Grover’s algorithm is essentially a quantum algorithm that takes in an unstructured set of N elements and finds a single element that is marked to be found. If this task was done by a classical computer, this process would be done in a O(N) timeframe, in contrast, a quantum computer utilizing this algorithm could find this element in the timeframe of O(√N). This algorithm completes this task by amplifying the marked state while suppressing the other states. In the example code that will be provided below, the quantum state ∣01⟩ will be the index of the value 2 found in array. The goal of the code is to apply Grover’s algorithm to find the index of the value 2.

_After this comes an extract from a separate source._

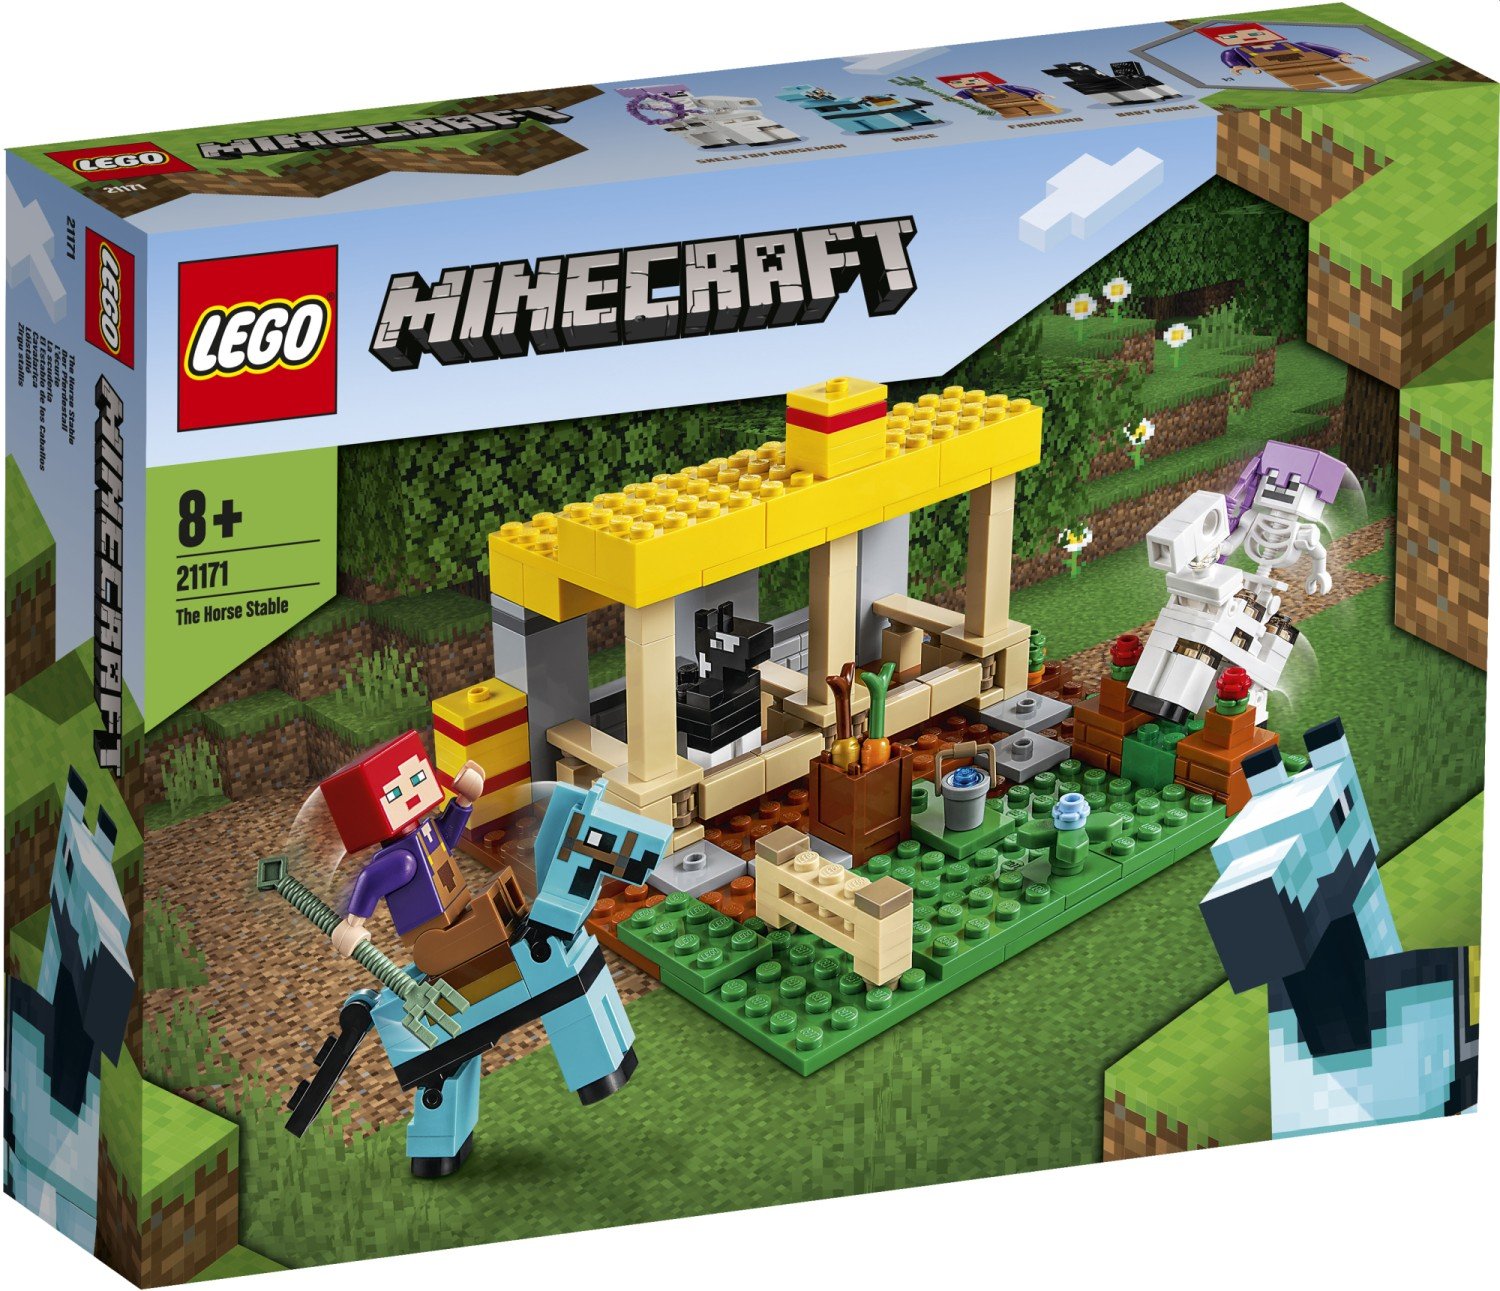 LEGO Minecraft Summer 2021 Sets Revealed

The first step of my code is to create a function to prepare an input state for the algorithm (in this case I will be producing a 2-bit Grover search). We begin by applying a Hadamard gate to each qubit, thus creating a superposition for all possible states in the series of qubits. Afterwards, we create the ancilla bit. In the Grover algorithm, the oracle’s job is to identify the element that is needed to be searched by flipping the quantum phase of the marked state. An ancilla bit is used to help the oracle complete its tasks. The quantum gates must be reversible and the oracle can’t directly flip the phases, which is where the ancilla bit comes in. To initialize the ancilla bit, we simply add a NOT gate and H gate (i.e. putting it in the ∣−⟩ state).

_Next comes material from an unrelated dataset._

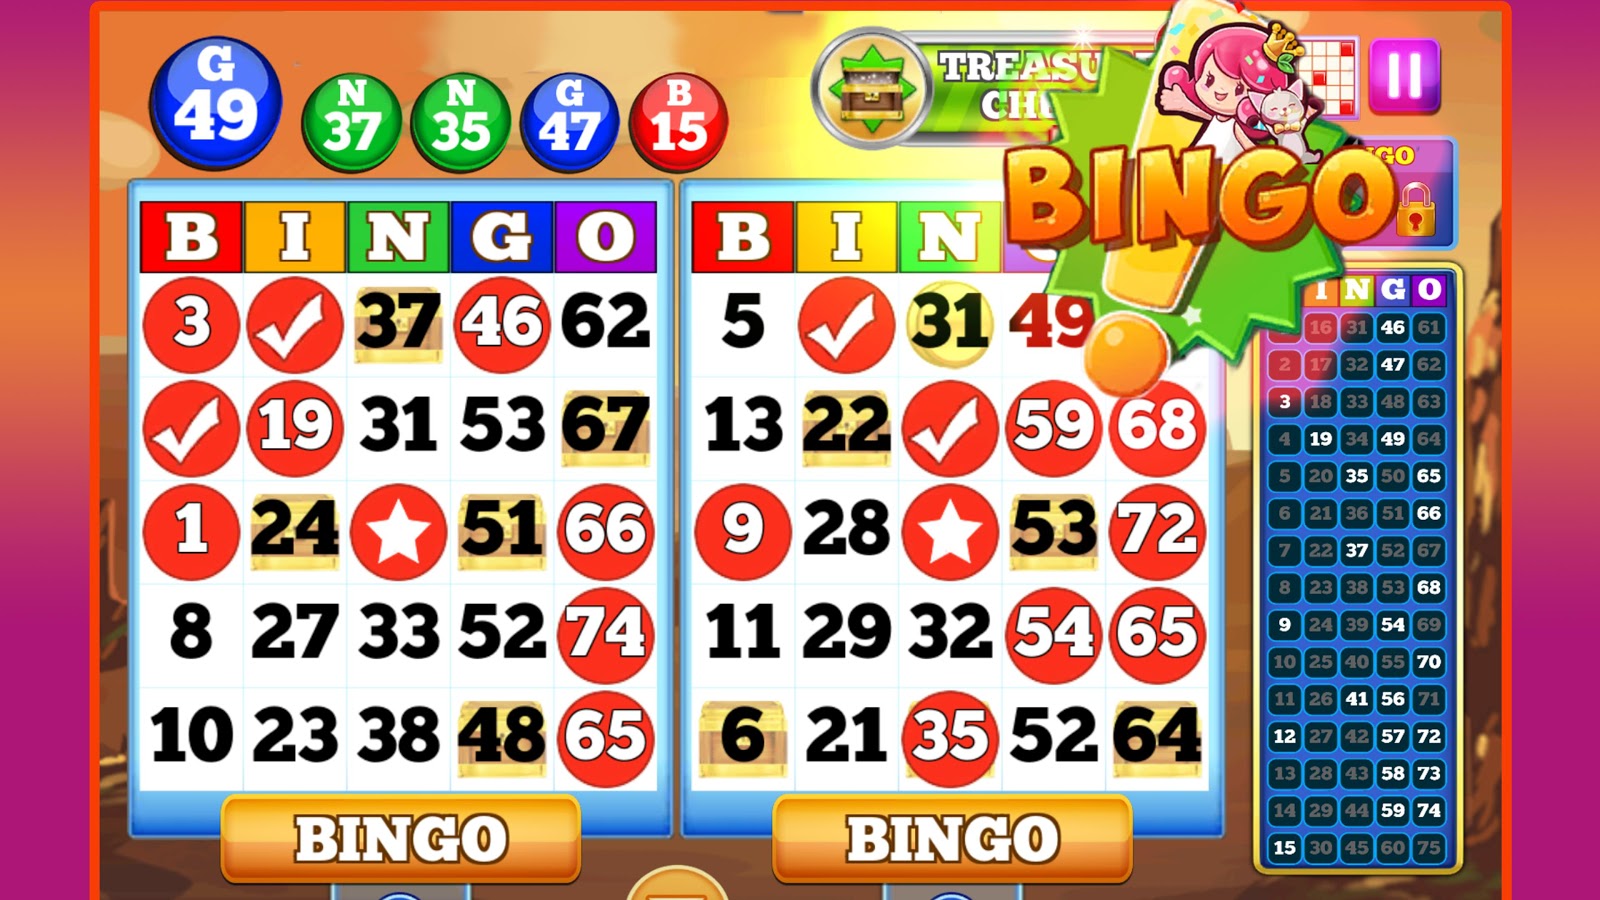 Casino bingo online - 55173

The next function to create would be the oracle function. As mentioned before, the oracle’s job is to mark the state that is targeted by applying a phase shift (to be more specific, it is flipping the sign of the amplitude associated with the target state that we are looking for). In simple mathematical terms, the oracle produces the following transformation: oracle = 1 (if x = xtarget or 0 (otherwise). The code below produces this phase flip by applying a negative sign to the amplitude of the target state via phase kickback. The X gate turns the ∣0⟩ state to ∣1⟩, matching the target condition that we want the oracle to recognize. The CCX gate flips the ancilla bit only if both q0 and q1 are ∣1⟩. This marks the solution by flipping the ancilla bit. After that, the phase shift from the first step is undone and q1 is brought back to its original state by applying a second X gate.
The final function in this algorithm is the diffusion operator. After the oracle has marked the target state, the diffusion operator applies a series of operations that increase the amplitude of the newly-marked state. Utilizing this diffusion operator will make the marked state more likely to be observed when it is time for the circuit to be measured. This can be shown in the mathematical operation D = 2∣ψ⟩⟨ψ∣ - I. D is the diffusion operator, ψ is the superposition state, and I is the identity matrix (the identity matrix allows a reflection to be produced, thus making sure the marked state’s amplitude is amplified. The combination of the oracle and diffusion operator archives the maximum probability for measuring the marked state in √N time.
After completing all the necessary functions, we can now implement Grover’s algorithm. After initializing the 2-bit quantum circuit, we iterate through it via a for-loop for how many qubits there are in the circuit. Within this for-loop, we run the oracle and diffusion operator combination to find the marked state. We clear the ancilla bit afterwards for reusability and optimization purposes.
Running the qskit simulation, we see that the simulation gives a 100% probability of ∣001⟩. In the oracle function, we hardcoded that the marked state we want to find is ∣01⟩, The oracle changes the sign of the amplitude of the marked state, thus ½(∣00⟩+∣01⟩+∣01⟩+∣01⟩) becomes ½(∣00⟩-∣01⟩+∣01⟩+∣01⟩). Afterwards, the diffusion operator amplifies the negatives state and de-amplifies the others, thus giving us a 100% probability of the amplitude of the circuit being ∣001⟩.
If we run this on a real backend, we get similar results. I ran this on the Kingston quantum computer and it completed the workload in 4 seconds.
Grover’s algorithm is so significant because of simply how fast it is. It significantly speeds up the process of finding unstructured data searches while also utilizing much fewer steps/iterations than any classical algorithm could. There are an immense number of potential applications for Grover’s algorithm. Imagine how much faster a google search could be with Grover’s algorithm or how much more energy efficient hardware could be if this algorithm were to be implemented. Some questions I could pose would be how wide-spread this algorithm is used and have there been any attempts to make it faster (if that is even possible)?